Правда, в деле генерала Петрова есть неувязка: если он судился всего за один ящик золота, игра как будто не стоила свеч – в случае успеха номинальная выручка составила бы 60 тыс. зол. руб. (по условному паритету 60 тыс. иен), что вряд ли покрыло бы расходы на многолетнее ведение процесса. Не будем, однако, забывать, что к 1934 году, когда начался процесс, цена золота в Лондоне по сравнению с докризисной выросла на 65% (к 1940 году – вдвое) и на столько же снизился курс иены по отношению к девальвированному фунту стерлингов (к 1940 году – на 70%, а на самом деле более чем вдвое). Таким образом, даже один ящик из золотых кладовых российского Госбанка был вполне привлекательным призом.

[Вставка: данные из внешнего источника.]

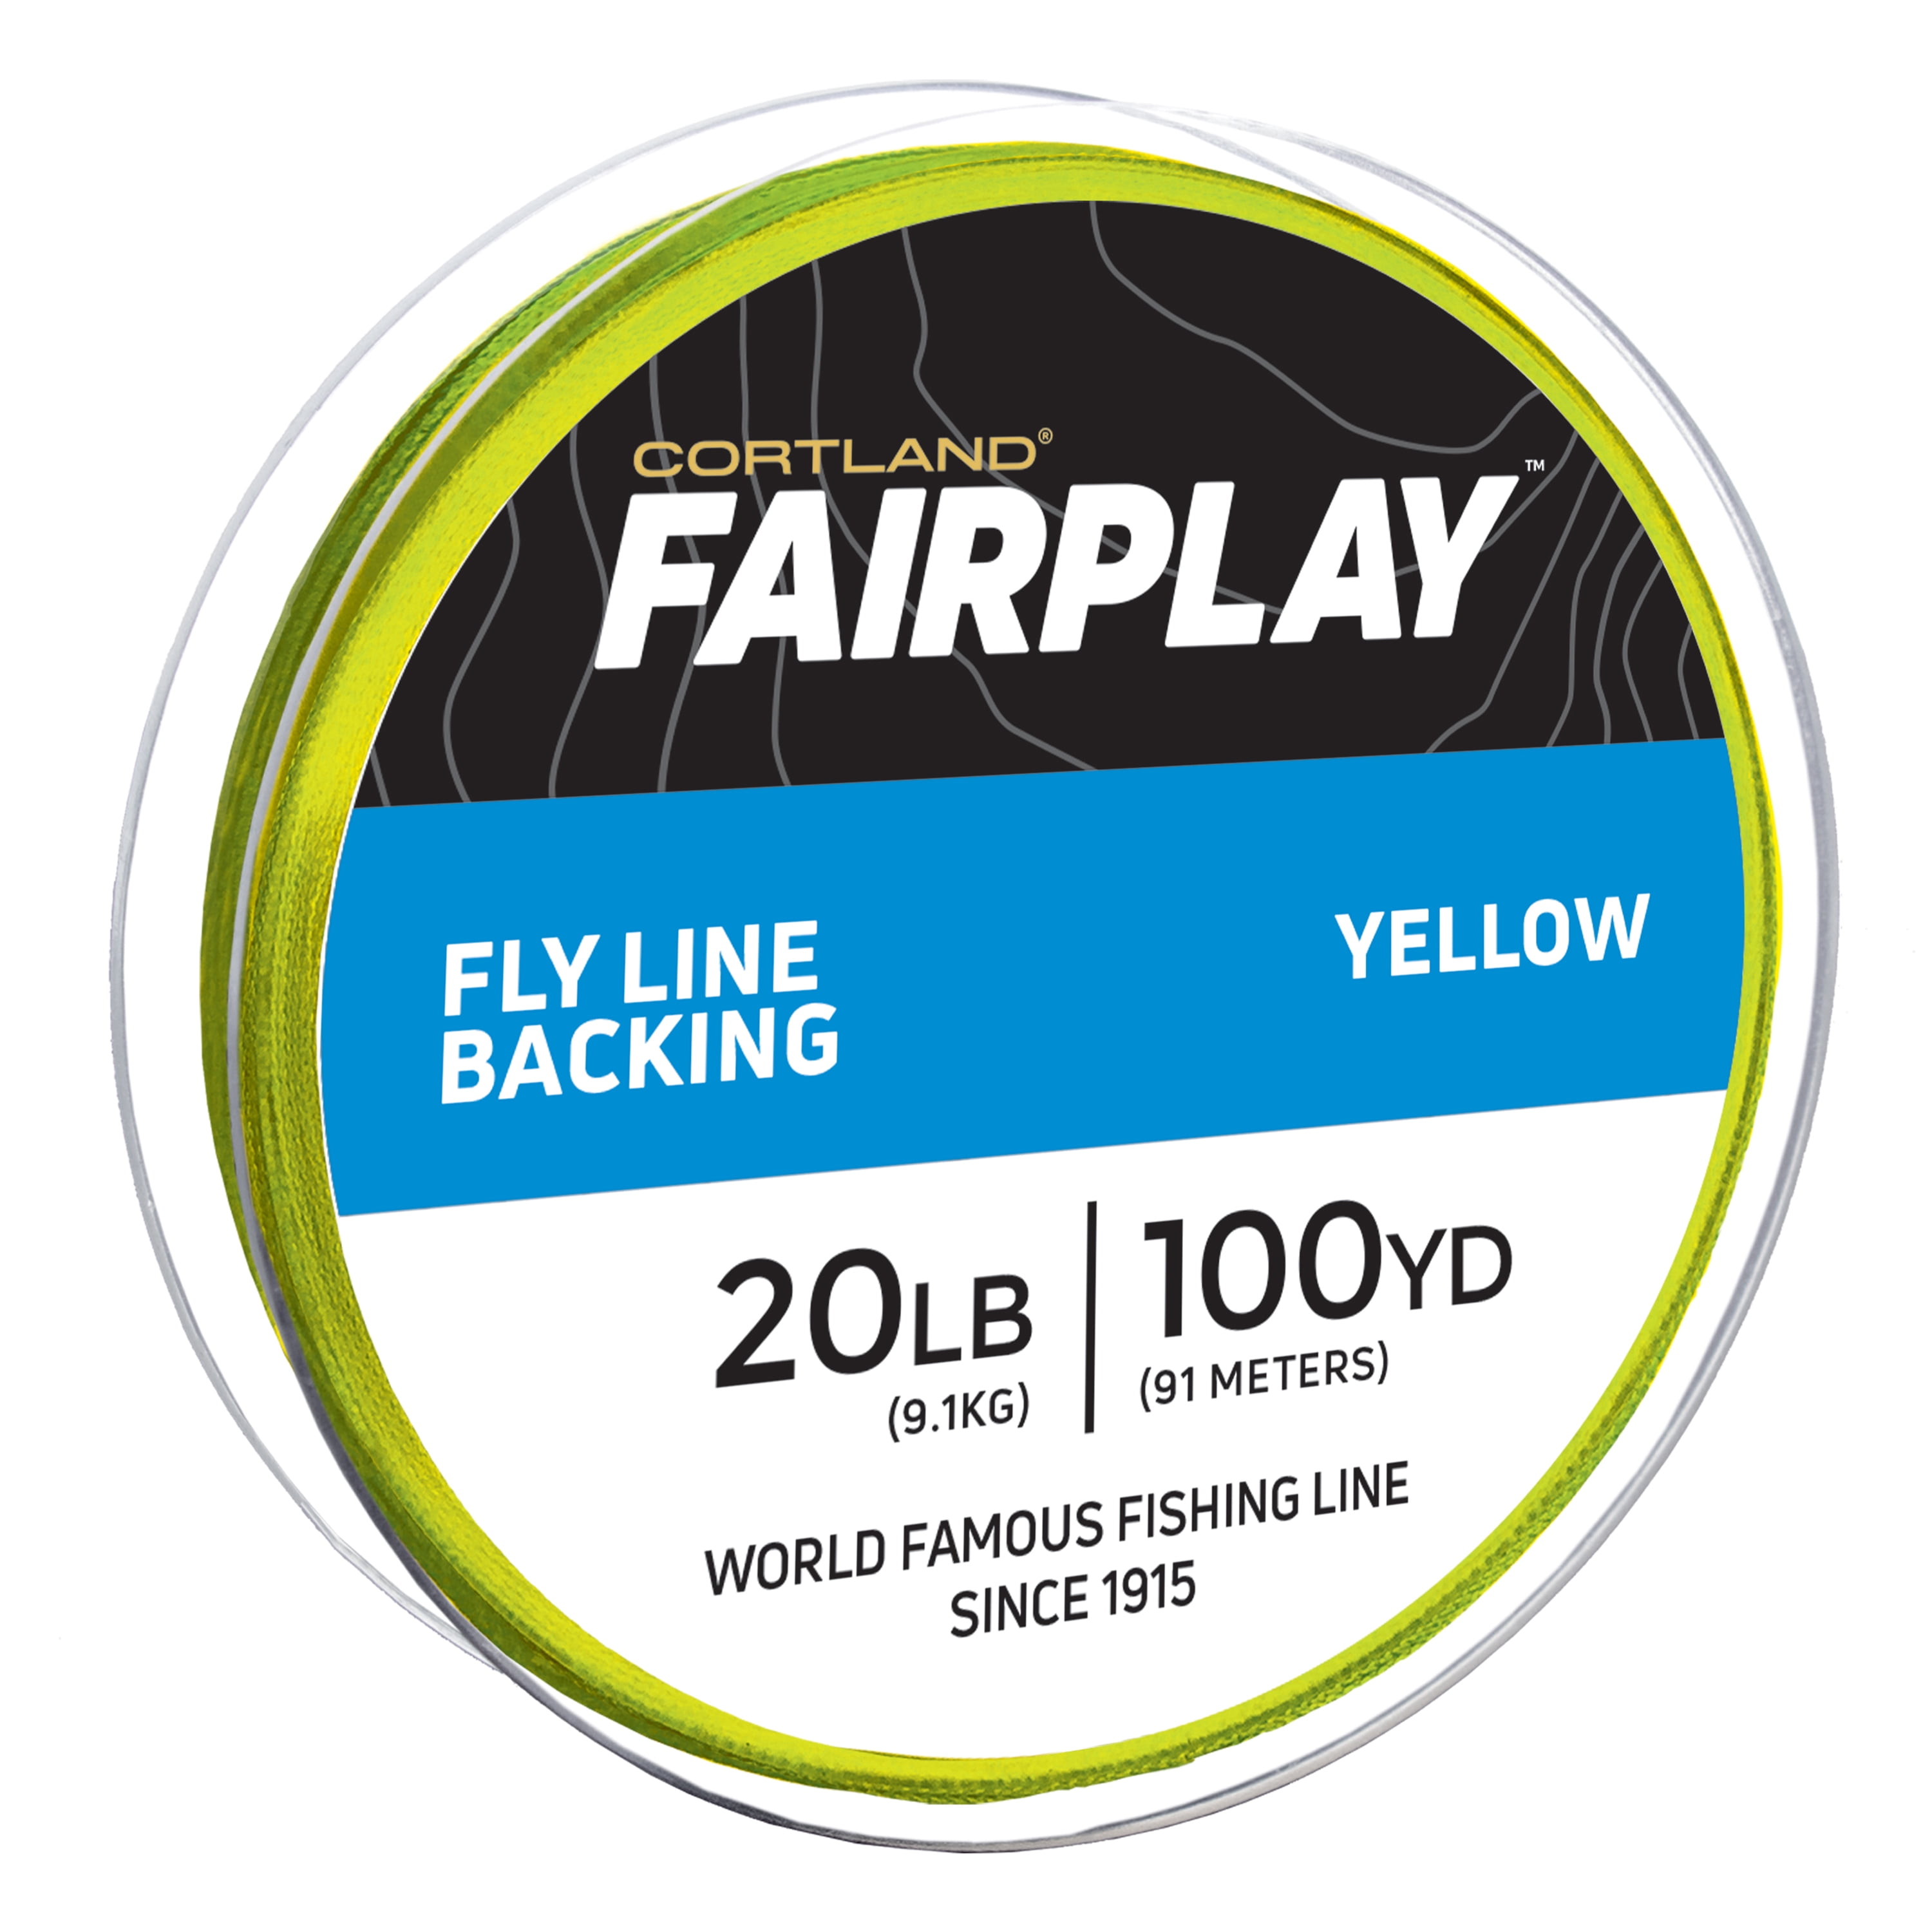 20 lbs 100 Yds Yellow Fly Line Backing Trout/Salmon Fishing

Повторим, что все вышеизложенное является лишь нашим предположением. Однако, учитывая характер ряда дел по вопросу о возвращении денег и/или золота, принадлежавших антибольшевистским группировкам и сохранившимся на счетах в японских банках – на самом деле или по утверждениям лиц, никаких прав на эти ценности не имевших, – это предположение представляется нам более чем вероятным. Иск генерала Петрова точно вписывается в череду аналогичных дел.

ДАЛЬНИЙ ВОСТОК: СУДЬБА «ПОДТЯГИНСКИХ» ДЕНЕГ

Единственным реальным результатом дальневосточных тяжб, если не считать доходов, полученных японскими посредниками, и некоторой суммы, доставшейся атаману Семенову, стало поступление в кассу Русского общевоинского союза (РОВС) около 1 млн. иен – суммы, эквивалентной приблизительно 7 млн. фр. Однако пустить в дело эти деньги тогдашний руководитель РОВС генерал А. П. Кутепов не успел. 26 января 1930 года он был похищен в Париже советскими агентами и умер от сердечного приступа то ли еще во Франции, то ли на борту советского судна по пути в Новороссийск.

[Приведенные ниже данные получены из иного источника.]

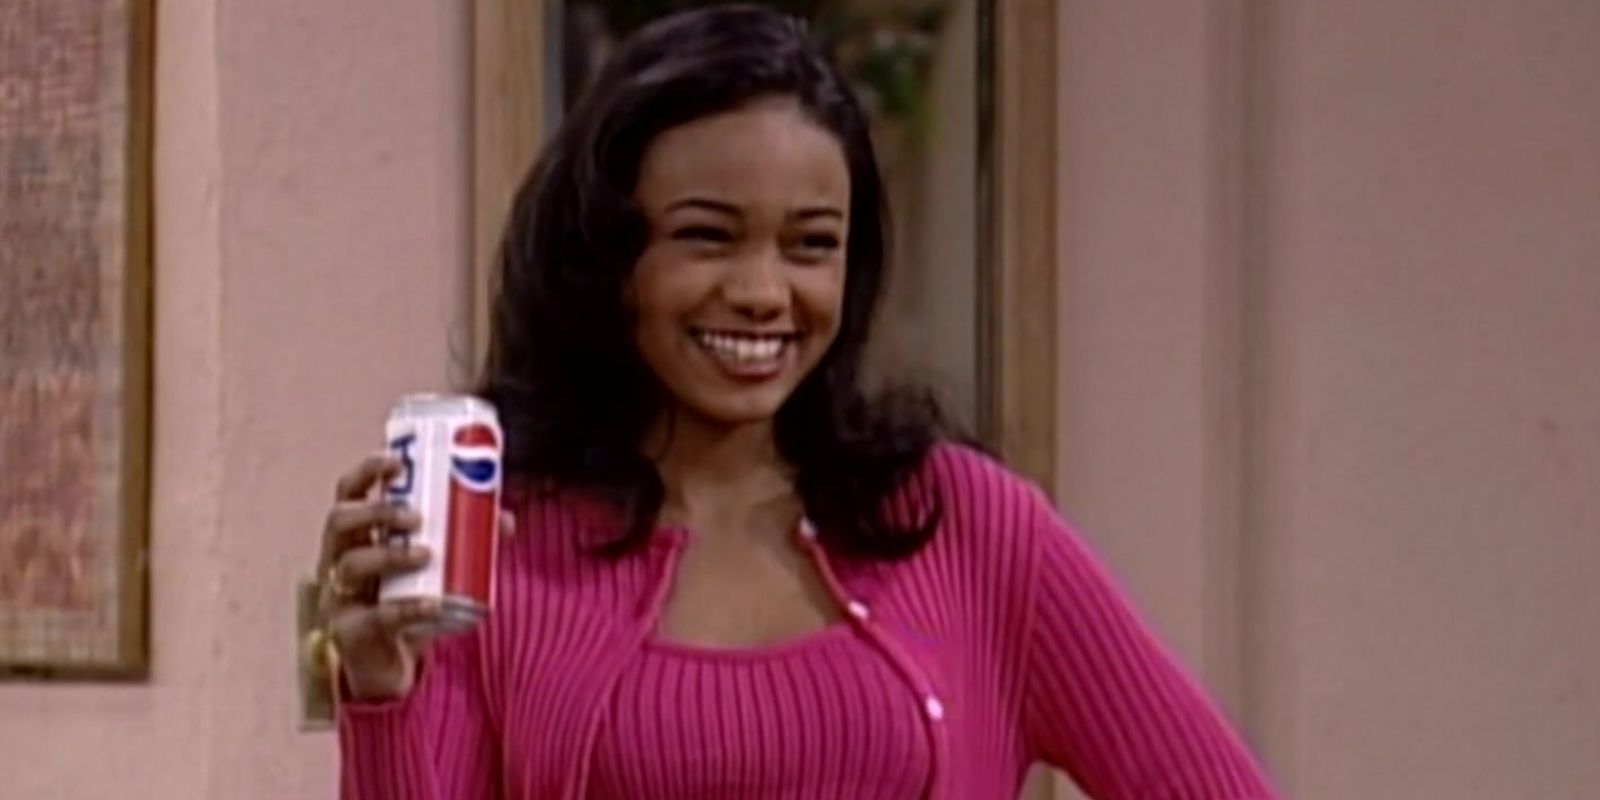 Ashley Banks poses with a soda can in the Banks living room in The Fresh Prince of Bel Air

Мировой экономический кризис 1929–1933 годов больно ударил по финансовому положению РОВС. «Подтягинские миллионы» якобы были вложены в акции корпорации шведского спичечного короля Ивара Крегера. Генерал Е. К. Миллер, сменивший Кутепова на посту председателя РОВС, купил акции, как пишет Б. В. Прянишников, по совету своего брата К. К. Миллера. Однако Крегер разорился и 12 марта 1932 года покончил с собой в Париже. Выстрел Крегера прозвучал погребальным салютом для ровсовских капиталов. Пропало 7 млн фр.; после такой потери организация была обречена влачить жалкое существование. Прянишников, член РОВС и Национально-трудового союза нового поколения, исследователь борьбы советских спецслужб против эмиграции, утверждал, что к разорению РОВС приложили руку советские агенты, в частности некий Владимир Петрович Багговут-Коломийцев, агент ГПУ с 1922 года и один из ближайших сотрудников Крегера. Зная о его тяжелом финансовом положении, он «каким-то таинственным образом», через третьих лиц, посоветовал разместить капиталы РОВСа в бумагах крегеровского предприятия.

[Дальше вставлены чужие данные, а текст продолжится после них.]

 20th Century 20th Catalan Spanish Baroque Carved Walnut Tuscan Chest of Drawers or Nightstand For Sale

Полагаем, что это всего лишь еще одна конспирологическая теория. Генерал Е. К. Миллер, сменивший Кутепова на посту председателя РОВС, давно занимался проблемами финансового обеспечения эмигрантских военных организаций, при этом работал и с ценными бумагами. Он хорошо понимал переменчивость биржевой конъюнктуры. Трудно предположить, что такой осторожный человек, как Карл Миллер, мог посоветовать генералу «сложить все яйца в одну корзину». Если же на братьев нашло затмение и они в самом деле вложили все ровсовские средства в бумаги Крегера, сетовать скорее приходилось на рыночную стихию и злую судьбу, нежели на интриги ГПУ.

История с пропажей денег в результате краха крегеровских предприятий, скорее всего, драматизирована. Автор книги о русской армии в изгнании П. Робинсон, не обнаружив в архиве РОВС никаких следов, свидетельствующих об инвестициях в корпорацию Крегера, предположил, что причина финансовой катастрофы РОВС гораздо прозаичнее. «Подтягинские» деньги были переведены в доллары и хранились для пущей сохранности в американских банках. Однако вследствие Великой депрессии конца 1920‐х – начала 1930‐х годов курс доллара сильно понизился. К 1935 году падение доллара относительно франка составило около 40%. В начале 1935 года Миллер был вынужден объявить о серьезных сокращениях бюджета РОВС. Версия Робинсона выглядит вполне реалистично. Заметим, однако, что, хотя нам также не удалось обнаружить в архиве РОВС документов, подтверждающих «крегеровскую историю», это не является доказательством того, что ее не было. Вполне возможно, что финансовые бумаги были уничтожены или же Е. К. Миллер хранил их где-то отдельно. Возможно также, что в крегеровские бумаги была вложена часть средств РОВС – однако, повторяем, столь авантюрные инвестиции со стороны осторожных Миллеров трудно себе представить и объяснить.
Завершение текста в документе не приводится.